In the years that followed, he ran against Fitzsimmons for IBT president, helped to organize Teamsters for a Democratic Union, then supported Ron Carey who was elected IBT president on a reform slate, backed by the TDU. He never stopped being active inside his union.

For years he was active in the left of this country, and he was ready to support others who fought. For example, during the 1987 Blue Cross strike, when its leader was being attacked as a communist, and when the tops of the UAW were trying to shut down the strike, he organized a convoy of trucks to roll slowly around the whole Blue Cross building, blowing their horns, in effect setting up a roving picket line–delighting the women on the picket line. And when the leader of that strike and other militants of the Spark initiated an election campaign the next year, “Workers Against Concessions,” calling for a vote to show working class opposition to the sacrifices being imposed by the bosses, he gave his name in support of the campaign.

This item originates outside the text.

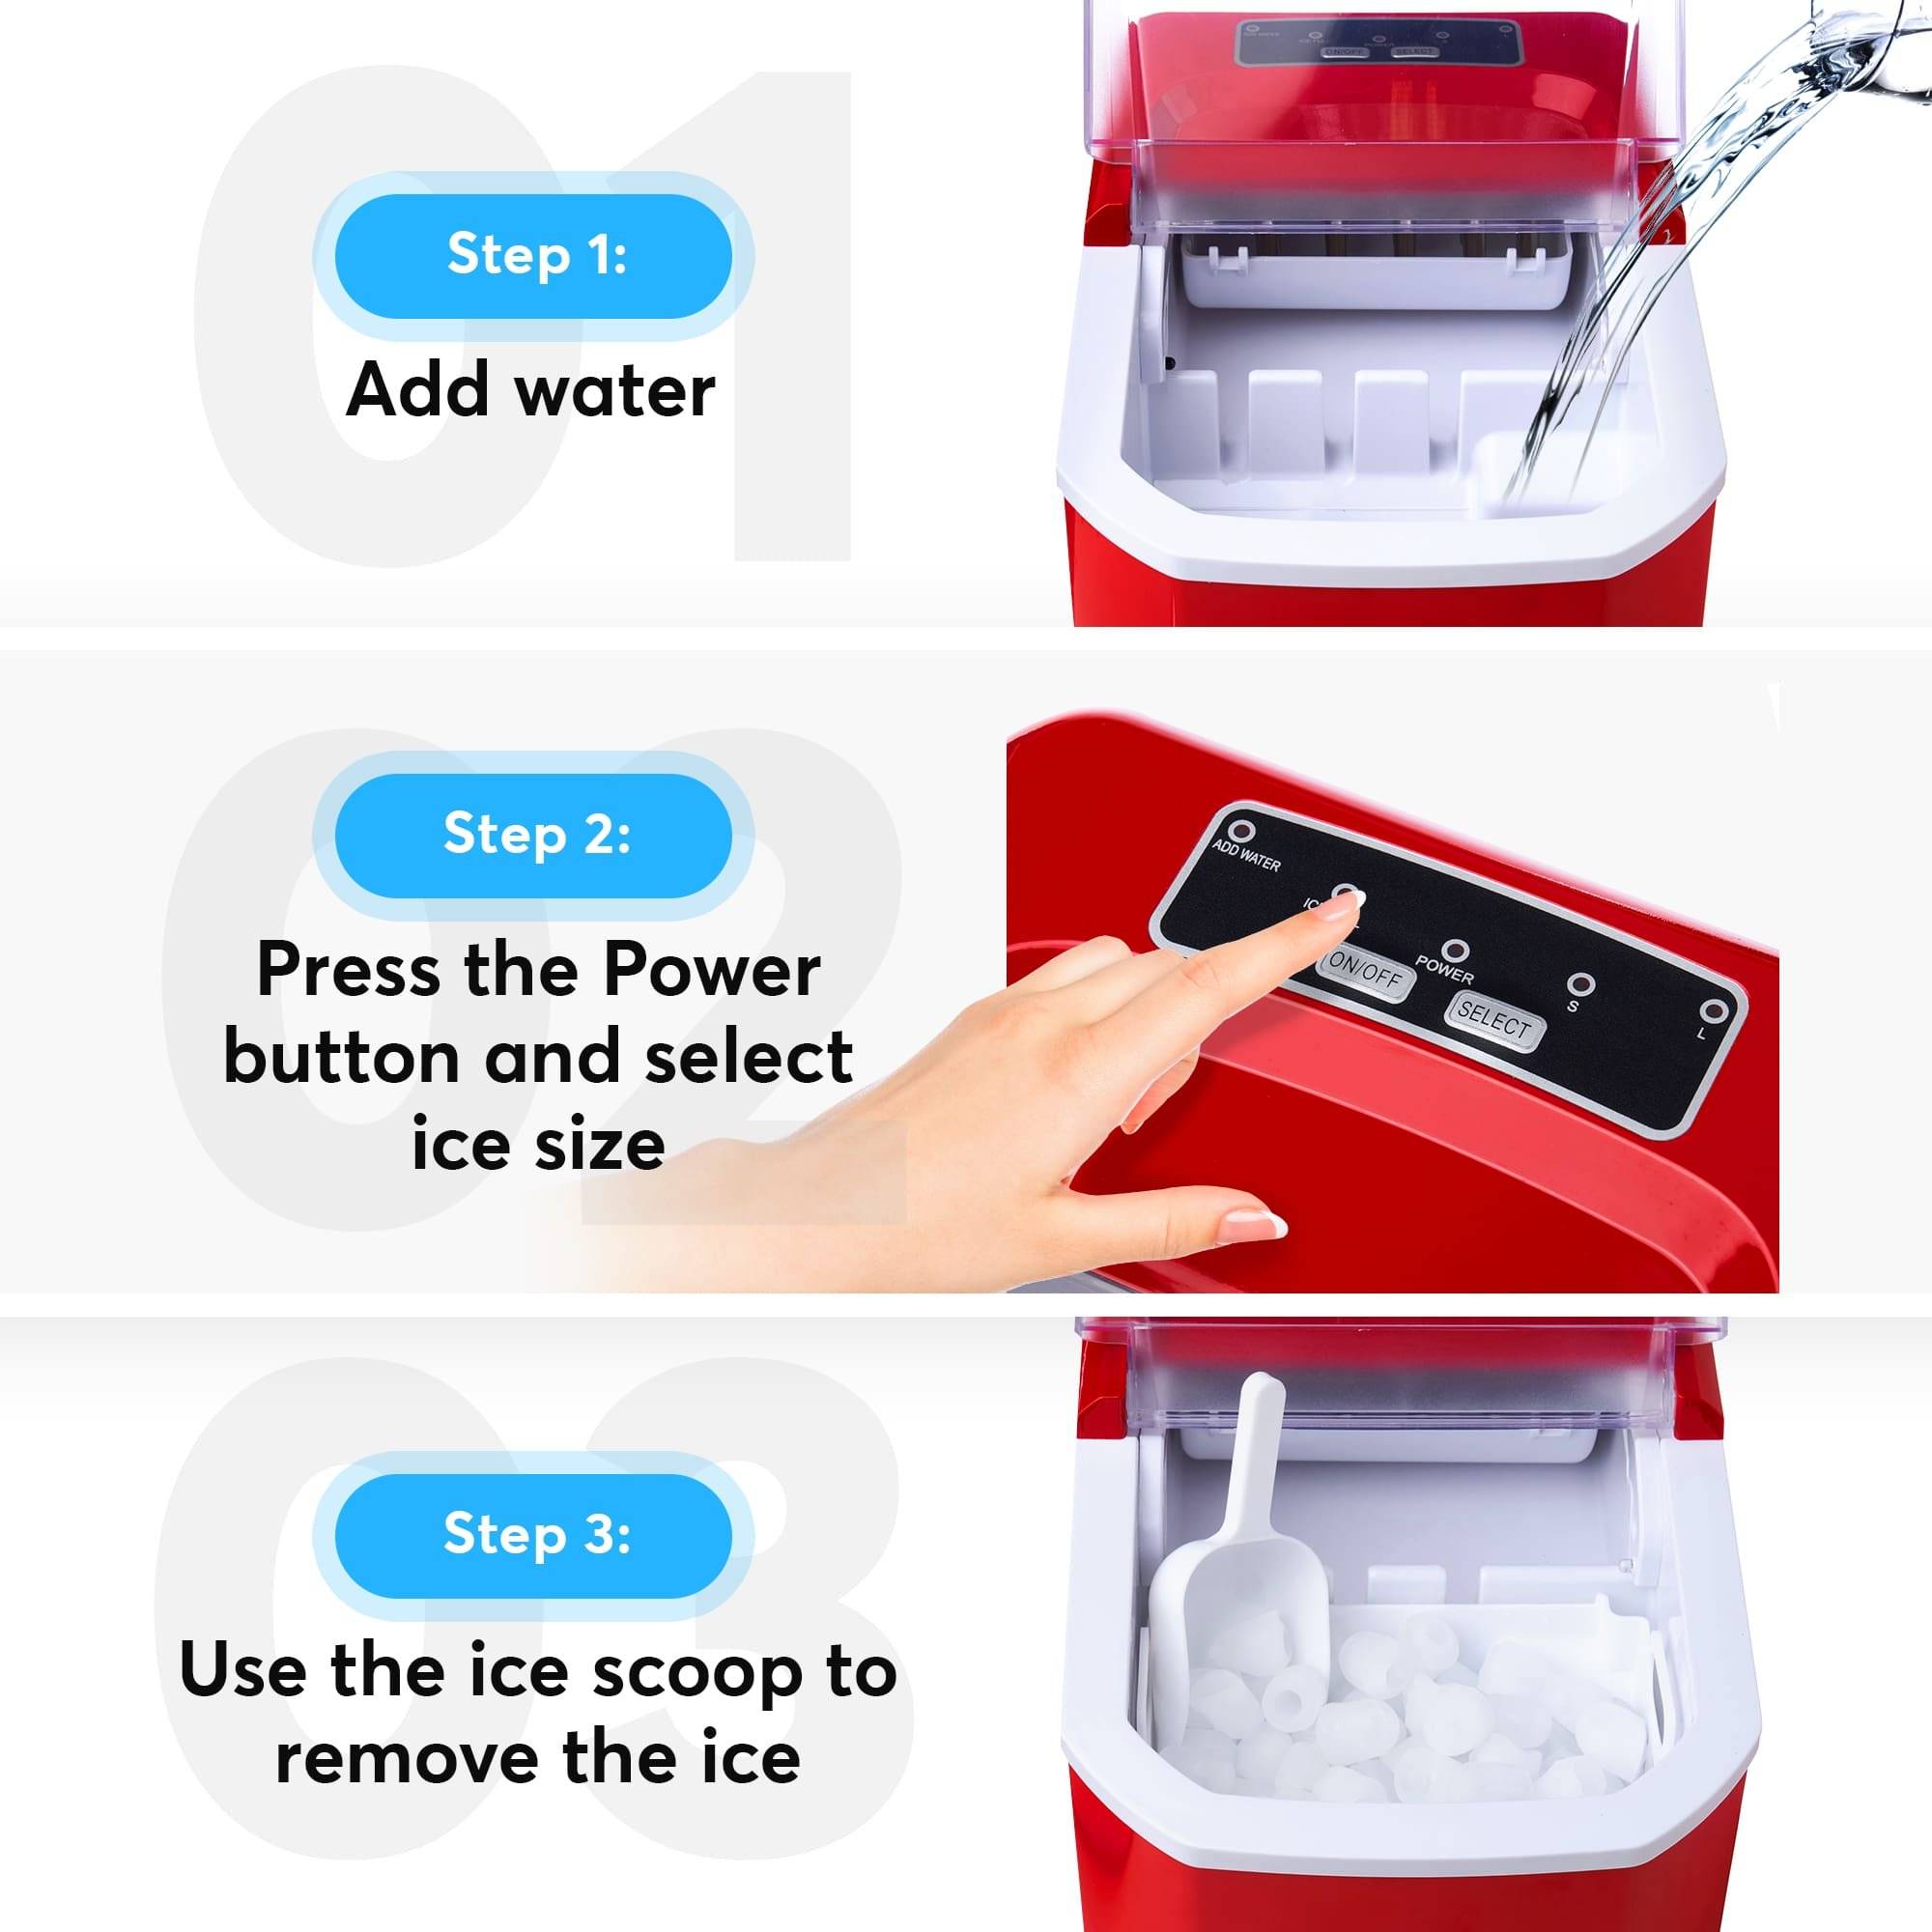 Ice Maker Countertop, 28 lbs Ice In 24 Hrs, 9 Ice Cubes Ready In 5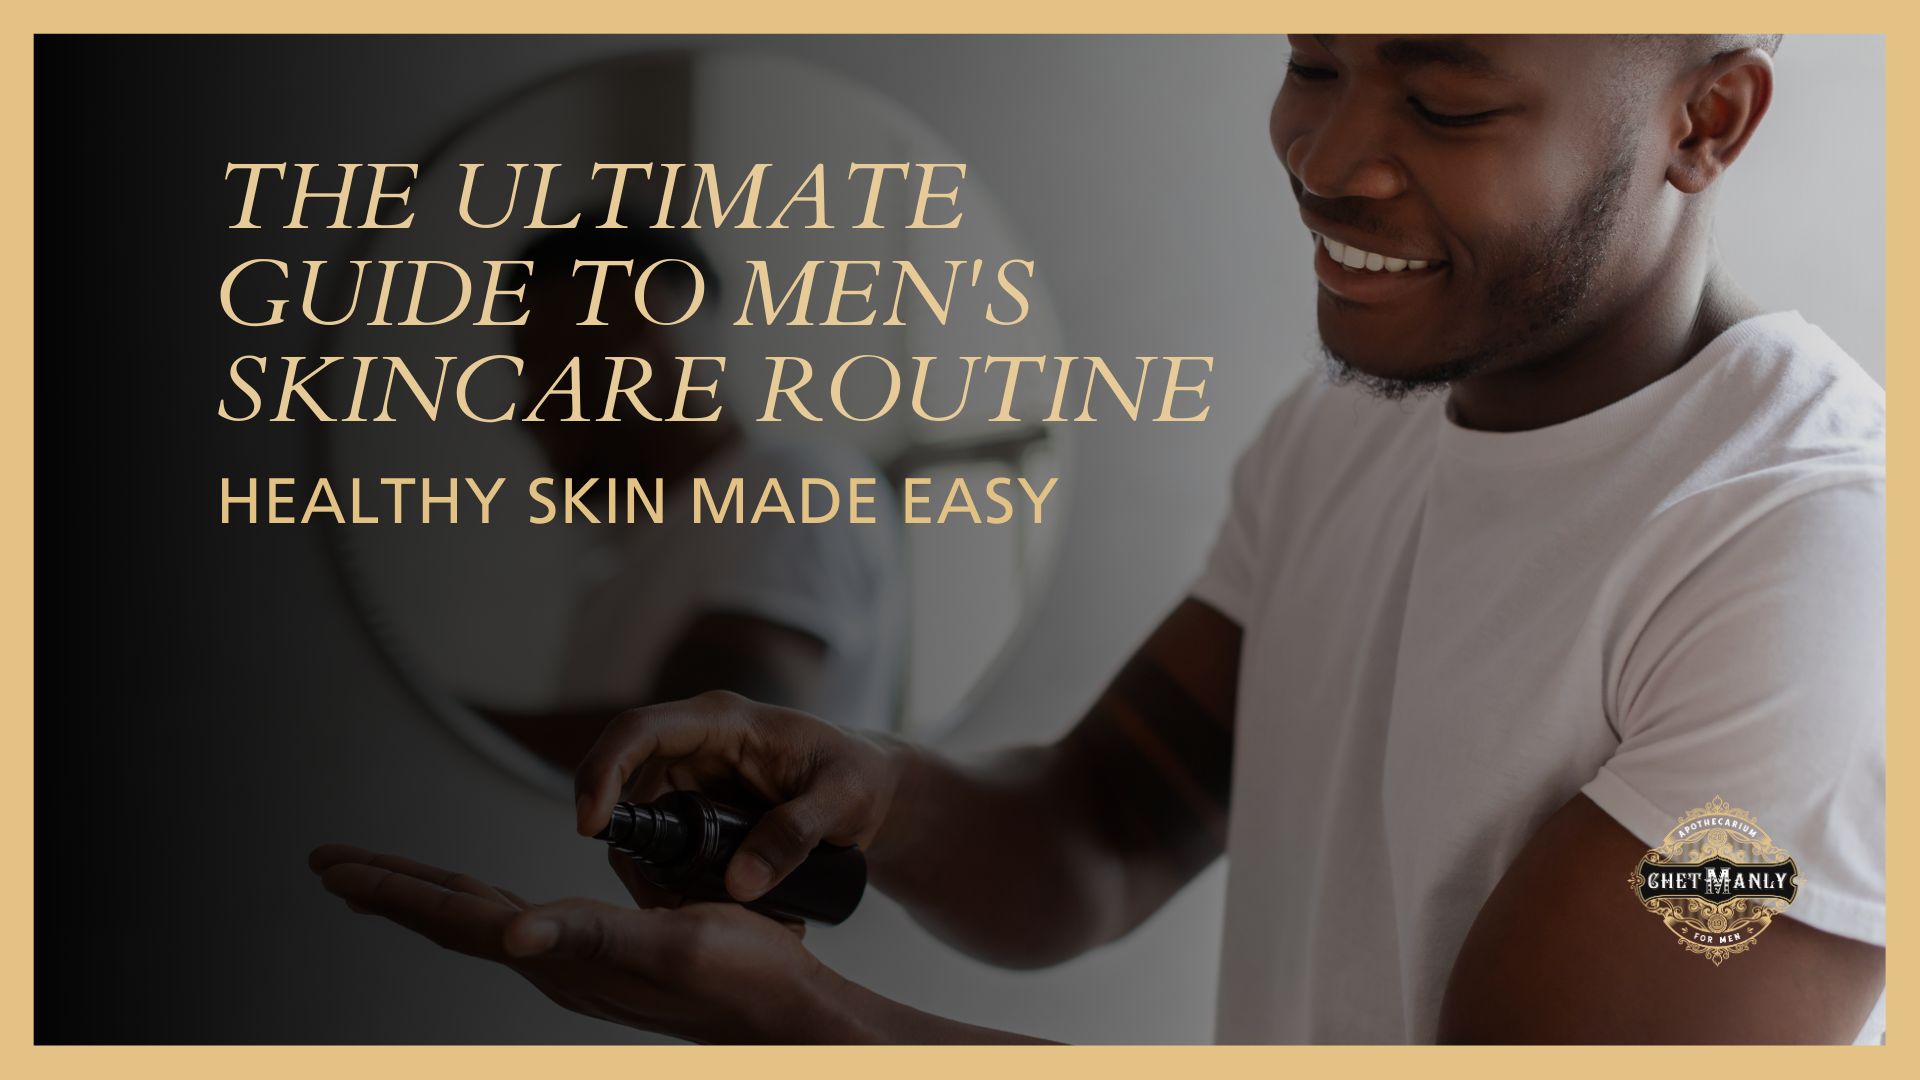 The Ultimate Guide to Men's Skincare Routine: Healthy Skin Made Easy

In an interview he gave to Robert H. Mast in 1991, Pete characterized himself this way:

“I end up being the double dissident. I’m dissident inside the Teamsters, and then I’m dissident inside the TDU. I guess through my experiences in 1976 and the understanding of how important rank-and-file organization is, I end up being on the left fringe of feeling that the organization’s major priority has to be in building at the grass roots.

“There’s always a tendency in the TDU kinds of organizations to say, ‘If we can get this guy elected to office, we’ll democratize our local and the TDU network will grow.’ The sad answer is that it doesn’t work. It’s happened over and over again where you’ll get your best people to organize for TDU and they get elected to local office, they’ll be so overwhelmed by just trying to keep their head above water being a local officer that TDU disappears.”

Anticipating retirement he said, “I’d like to go to work for the TDU, and organize full-time and build some worker fight-back all over the country. Then, too, I think it’s my job as a person with socialist ideas to spread those ideas to other people.”